A route links origin and destination Airports.  The Airport is only dependent on String.  This is good.  There was problem introduced, however, when I tried to use the "to" keyword to create a Route from two Airports.  You can see the issue if I re-write the desired code in a way that exposes some of the magic:


val routeFromDetroitToPhilly = Airport("DTW").to(Airport("PHL"))

My initial attempts to implement the "to" keyword involved introducing a circular dependency between Airport and Route:


case class Airport(code: String) {
  def to(destination: Airport) = Route(this, destination)
}
case class Route(origin: Airport, destination: Airport)

This worked, but is nasty.  Route depends on Airport and Airport depends on Route.  My first attempt was even worse.  I tried adding the "to" method for route creation though inheritance.  Not a good idea.  I'm too ashamed to publish that failed attempt.

I finally figured out that I could put my syntactic sugar in a model helper class:

object ModelHelper {

  class AirportRouteBuilder(origin: Airport) {
    def to(destination: Airport): Route = {
      Route(origin, destination)
    }
  }
  
  implicit def stringToAirport(code: String) = Airport(code)
  
  implicit def stringToAirportRouteBuilder(airportCode: String) = new AirportRouteBuilder(Airport(airportCode))
  
  implicit def airportToAirportRouteBuilder(airport: Airport) = new AirportRouteBuilder(airport)
}

Now when I write this code:


val routeFromDetroitToPhilly = "DTW" to "PHL"

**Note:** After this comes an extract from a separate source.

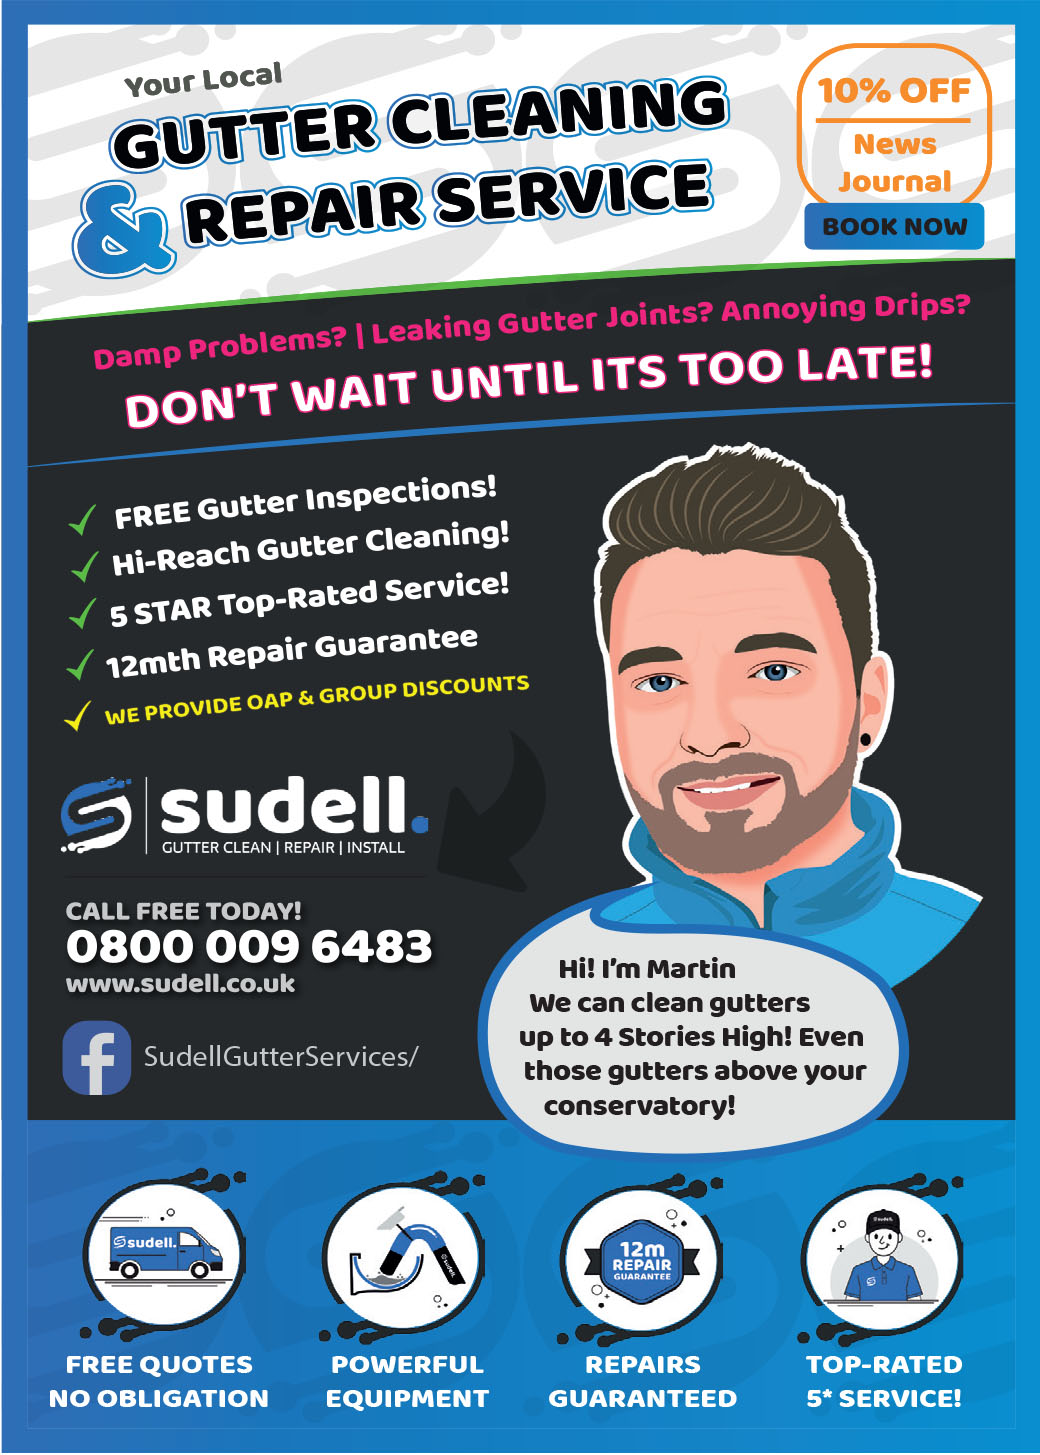 Sudell Gutter Services

...Scala resolves the code as follows:

• The function "to(...)" is invalid for the String "DTW", but we have an implicit method "stringToAirportRouteBuilder()" that creates an AiportRouteBuilder object that has a "to(...)" method
• Call "stringToAirportRouteBuilder("DTW")" to create an AirportRouteBuilder object
• Call "StringToAirport("PHL")" to create the Airport object needed for "AirportRouteBuilder.to(...)"
• Call the "to()" method on AirportRouteBuilder to construct a new Route object that links the origin and destination airports

This is pretty mind-blowing stuff.  It seems too complex and magical, but I believe it's a way of thinking that we can get used to.  It's like eating ethnic food for the first time or meeting an ugly person for the first time.  After the initial shock, you get used to it if you allow yourself the opportunity to appreciate.